CPU vs GPU, why do they adapt performance differently?

There are many explanations for this curious disparity, but the main and the basis of it all is precisely the fate of each type of hardware and the way in which software approaches it. In this perspective, the range of explanations opens up and requires a more in-depth study, since we move from the lithographic process to software developers …

GPUs are always one step ahead of processors – here’s why

The first reason is logically what processors and graphics cards are used for. As we well know, a CPU is an extremely complex component, the heart of the system, but when we talk about workloads to have a performance gain in a thread and with it in IPC, we must keep in mind that A limiting factor is precisely the frequency.

And with that comes the limitation of the node in service. Architecture improvements improve Front-End and a Back-End Much more simplified, as well as access to caches and registers generally increase performance, but we cannot forget the parallelism that these modern processors need.

If we add all of the above, we have a bottleneck which is always given in the first place by the lithographic process.
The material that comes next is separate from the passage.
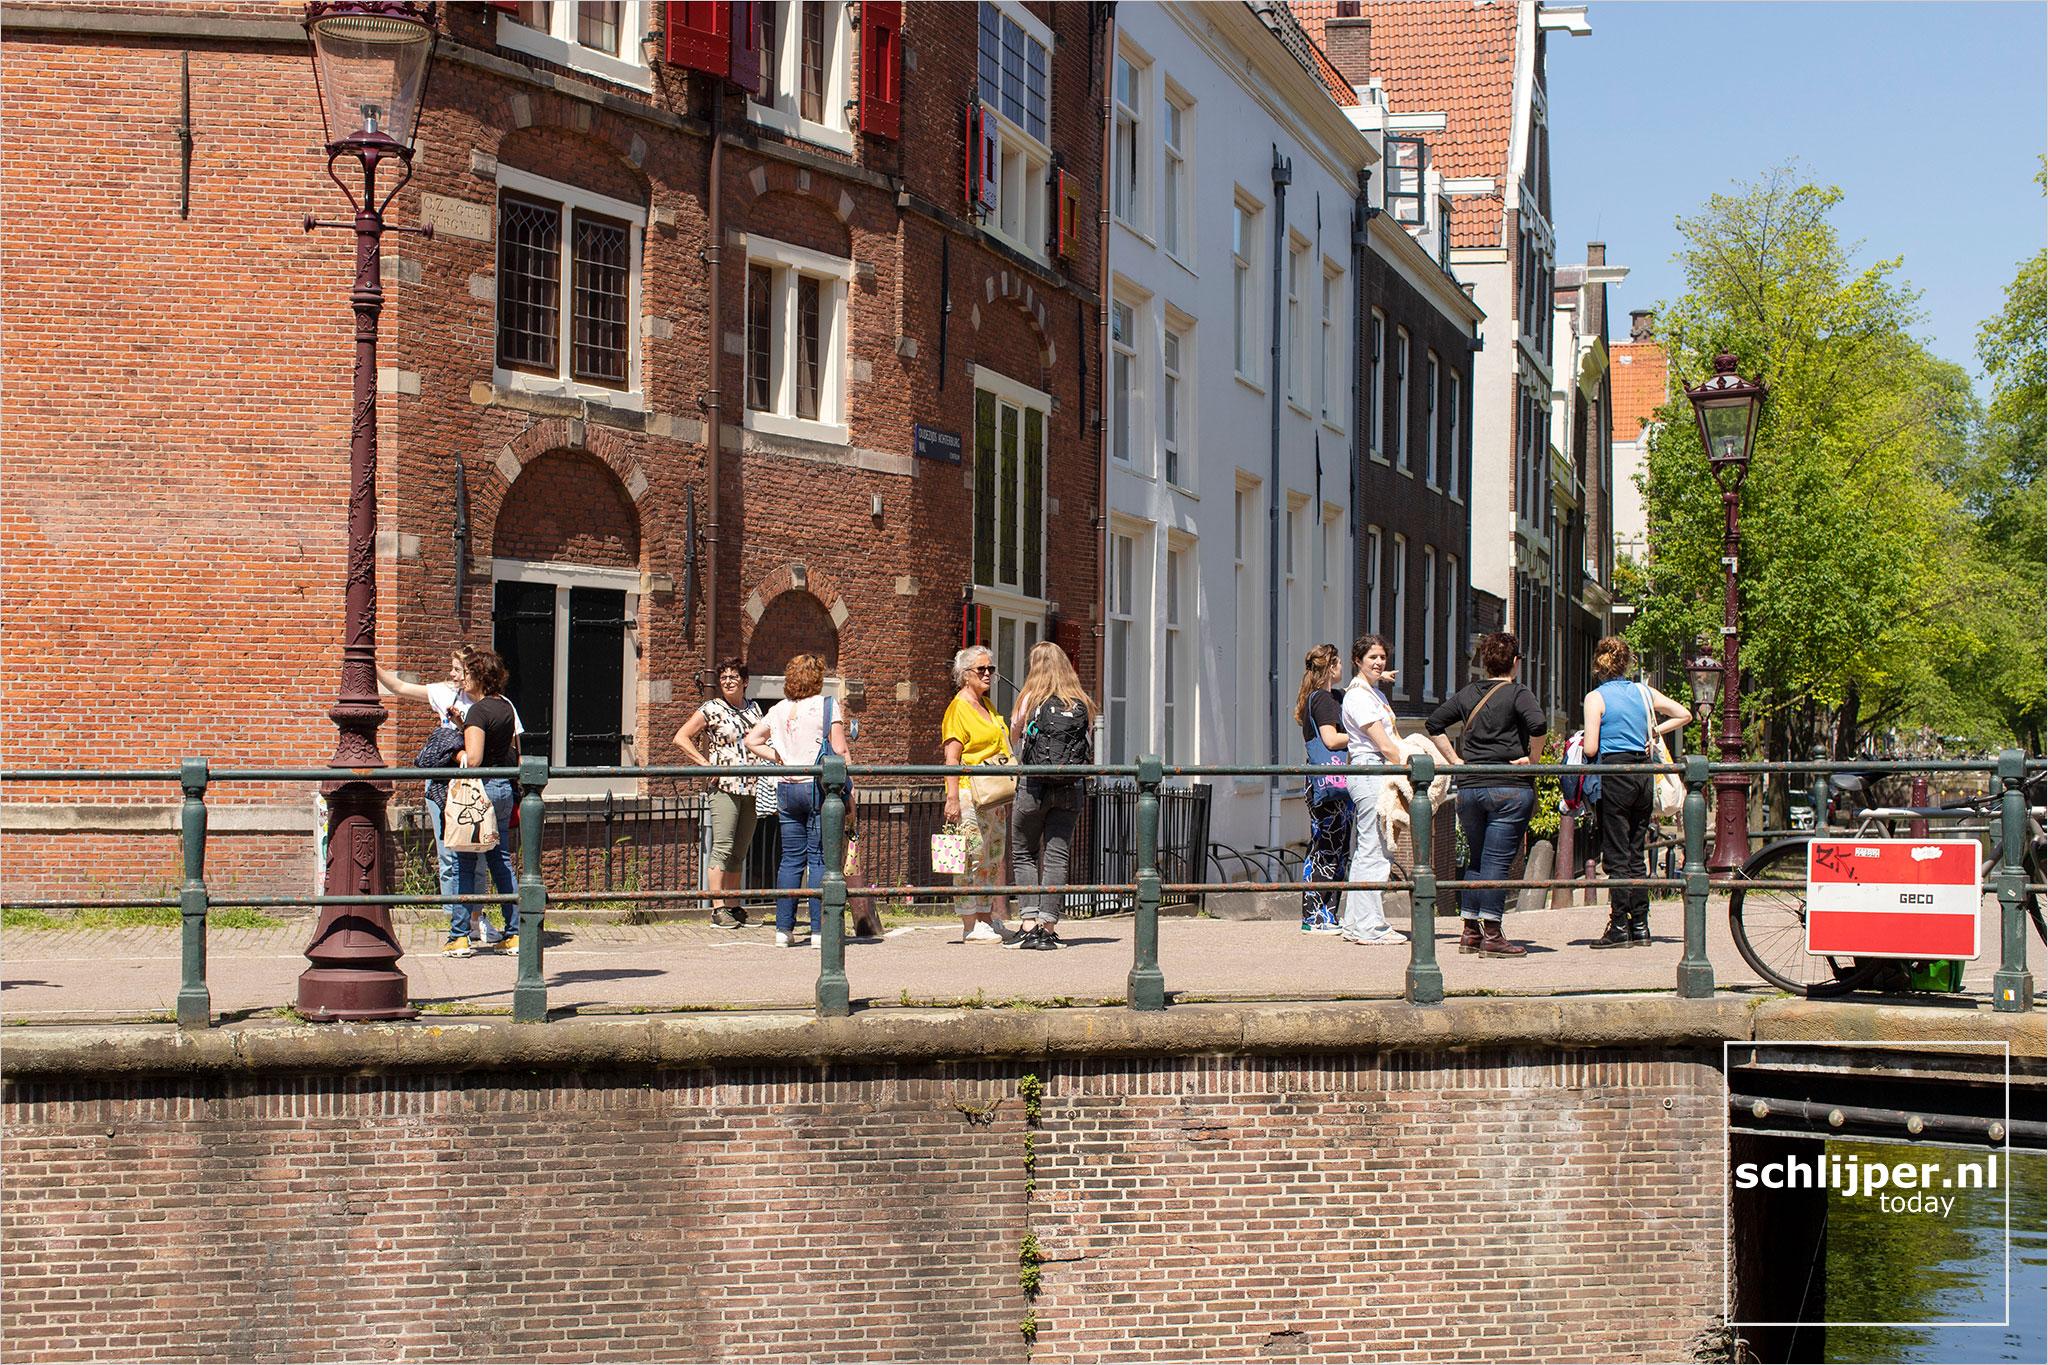 The Netherlands, Amsterdam, 30 mei 2021
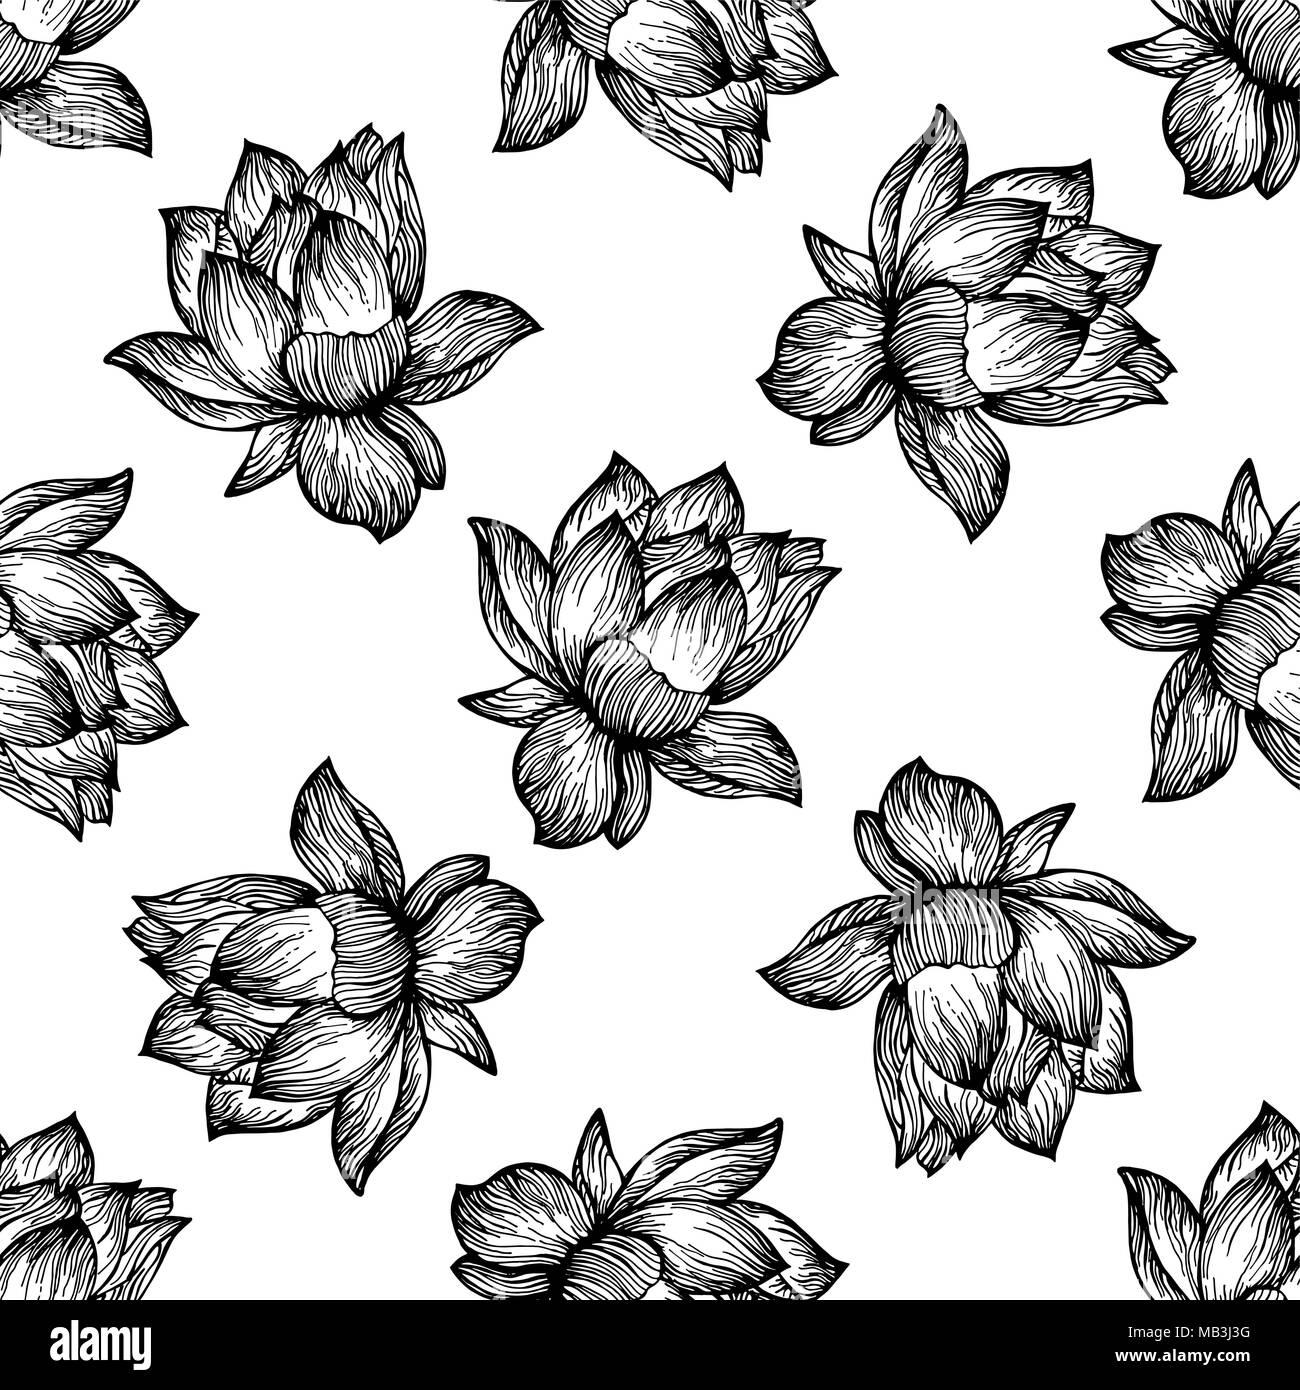 Seamless pattern of hand drawn sketch style lotus flowers isolated seamless pattern of hand drawn sketch style lotus flowers isolated on white background vector illustration izmirmasajfo

Including more transistors per mm2 is most optimal if you want to include more cores and thus increase the overall performance, but at the thread level we have to push a wire at the highest frequency possible. We are currently at 5 GHz with Intel, so if you have this limitation we apply the Ley de Amdahl (a workload is difficult to accelerate and with greater complexity it becomes more complicated, even if it is parallelized) we have a difficulty which can be exponential in certain tasks.

Another point to discuss is, of course, the executions and instructions that are added to a processor, where we can optimize and gain performance in a more or less complex way, but these are usually direct improvements in a thread or a thread. . But of course a CPU works in parallel with technologies such as speculative or command execution, for example, not to mention the greater number of available cores, caches and RAM access, or technologies such as HT or SMT.

At the end of the day, all of these technologies are trying to do one very simple thing: keep every CPU and thread busy for as long as possible and in the most perfect order available for each task, so that there is no delay. between the data. Why is this the case and how is it different from GPUs?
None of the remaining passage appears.